¹The following 8 characters are removed from file names: space, tab, &, <, >, %, double-quote, and single-quote.
²The textfile and vocfile arguments are not supported for all languages.
³Low priority requests are more likely to be denied with the error code 307.

Request examples

Example 1: URI encoded request

PUT /api?method=bs_trans&model=eng&audiofile=doc1.mp3 HTTP/1.1
api-key: your api key
User-Agent: ClientProgram/1.0
Host: member.yobiyoba.com:8095
Content-Type: audio/mpeg
Content-Length: 1194336
[blank line]
[audio file content]

Notes:

Content-Length is equal to the audio file size.
The YobiYoba server keeps the connection open until the audio file has been entirely processed and the XML transcript sent back to the client.
Chunked transfer encoding can be used for streaming upload.
If the client closes the connection while the data is being processed the operation is aborted.

Example 2: MIME multi-part body request

POST /api HTTP/1.1
api-key: your api key
User-Agent: ClientProgram/1.0
Host: member.yobiyoba.com:8095
Content-Length: 1194846
Content-Type: multipart/form-data; boundary=--------------------------0a8606733948
[blank line]
[MIME multi-part message]

Notes:

This is the standard method used by browsers to upload a file via an HTML form.
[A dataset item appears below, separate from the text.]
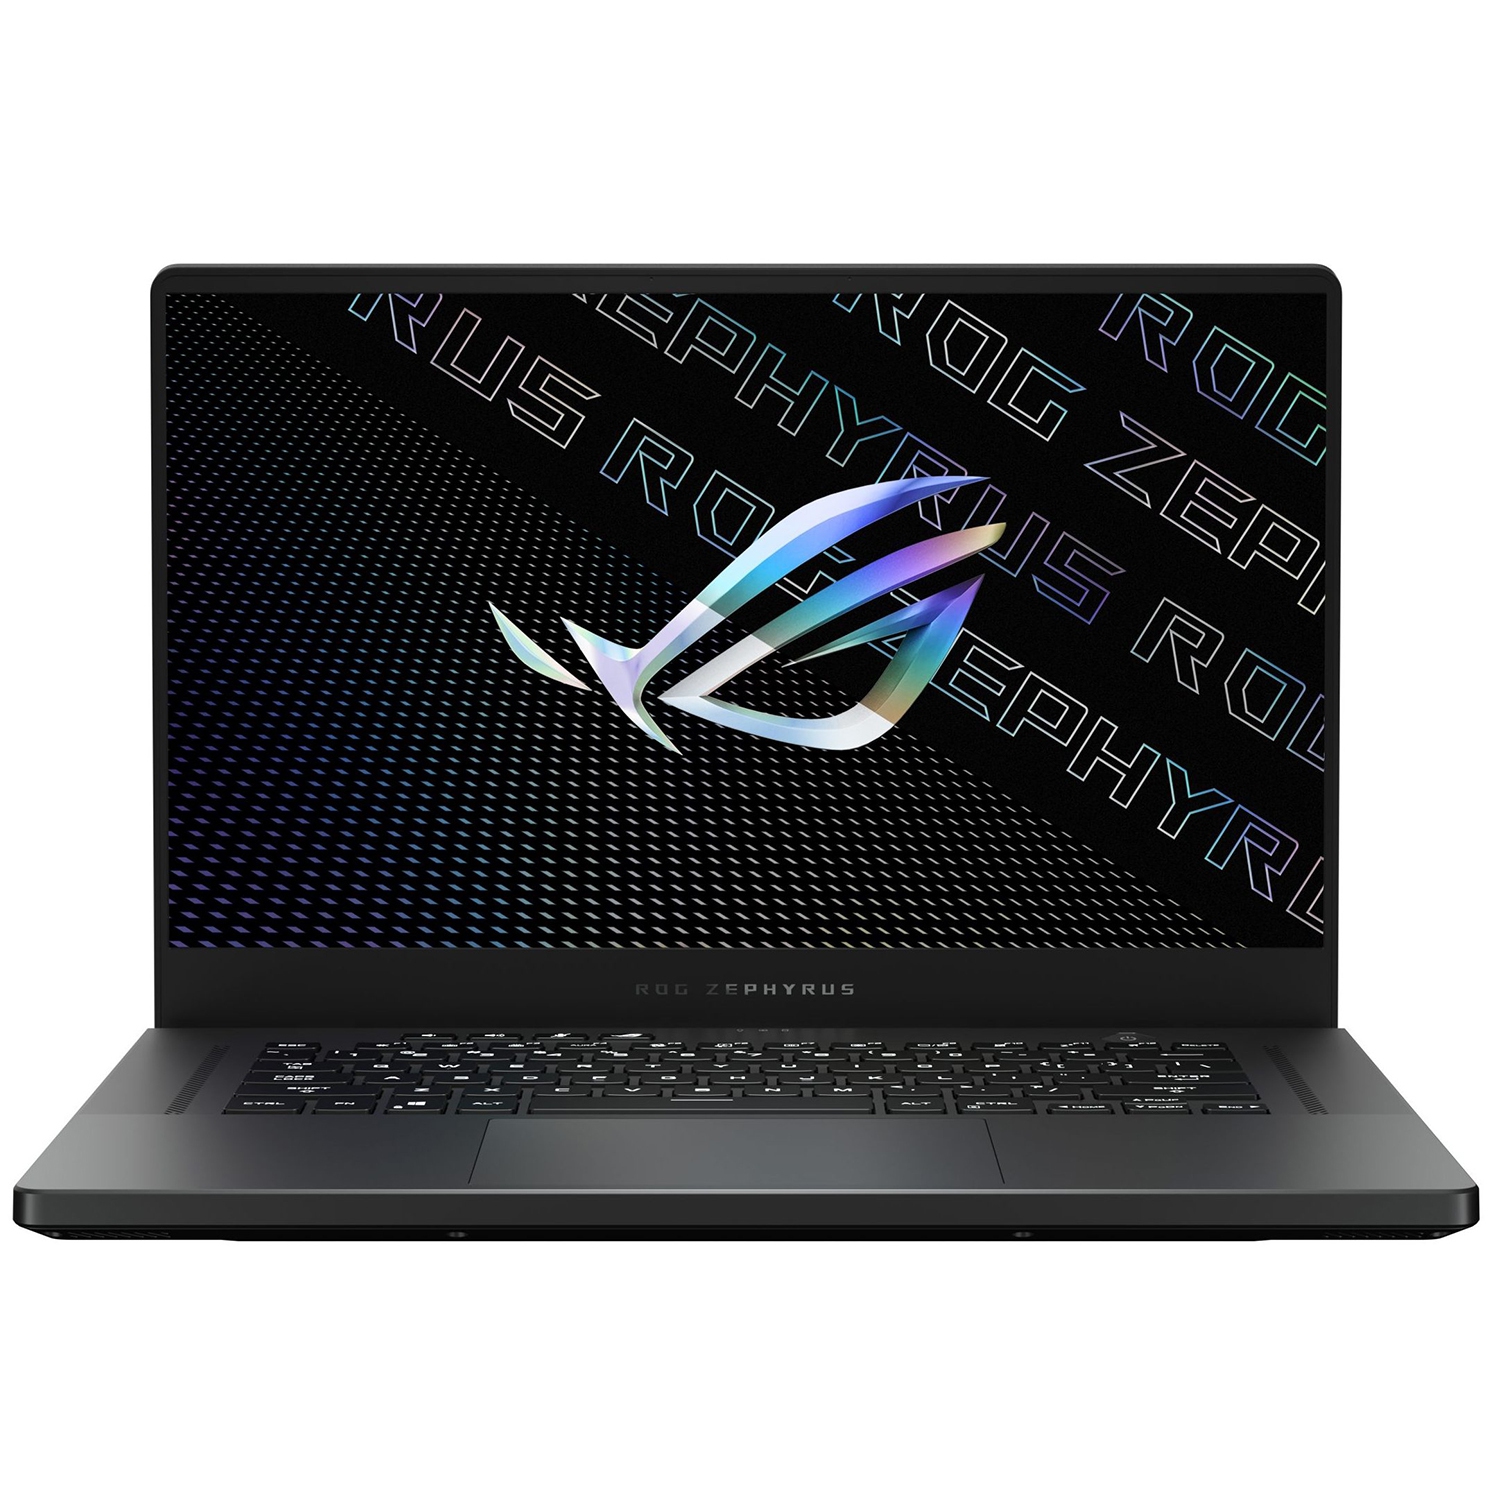 Custom ASUS ROG Zephyrus G15 Laptop (AMD Ryzen 9 5900HS, 24GB RAM, 512GB PCIe SSD, NVIDIA RTX 3060, Win 10 Pro)

Forming a MIME multi-part message is out of the scope of this help page. This can easily be done using curl (cf. the first curl example below). Like for an HTTP POST form, each argument must be in a separate MIME part and the audio part must include the file name as follows:

----------------------------0a8606733948
Content-Disposition: form-data; name="method"
[blank line]
bs_trans
----------------------------0a8606733948
Content-Disposition: form-data; name="model"
[blank line]
eng
----------------------------0a8606733948
Content-Disposition: form-data; name="audiofile"; filename="doc1.mp3"
Content-Type: application/octet-stream
[blank line]
[audio file content]
----------------------------0a8606733948--

Example 3: MIME multi-part body with a text file

POST /api HTTP/1.1
api-key: your api key
User-Agent: ClientProgram/1.0
Host: member.yobiyoba.com:8095
Content-Length: 1194846
Content-Type: multipart/form-data; boundary=--------------------------0a8606733948
[blank line]
----------------------------0a8606733948
Content-Disposition: form-data; name="method"
[blank line]
bs_align
----------------------------0a8606733948
Content-Disposition: form-data; name="model"
[blank line]
eng
----------------------------0a8606733948
Content-Disposition: form-data; name="audiofile"; filename="doc1.mp3"
Content-Type: application/octet-stream
[blank line]
[audio file content]
----------------------------0a8606733948
Content-Disposition: form-data; name="textfile"; filename="doc1.txt"
Content-Type: application/octet-stream
[blank line]
It's friday september thirteenth. I'm David David Brancaccio and here's some ...
----------------------------0a8606733948--

CURL examples

CURL is commonly available on many UNIX/Linux platforms. If you don't have the tool installed, visit the download page on the curl website.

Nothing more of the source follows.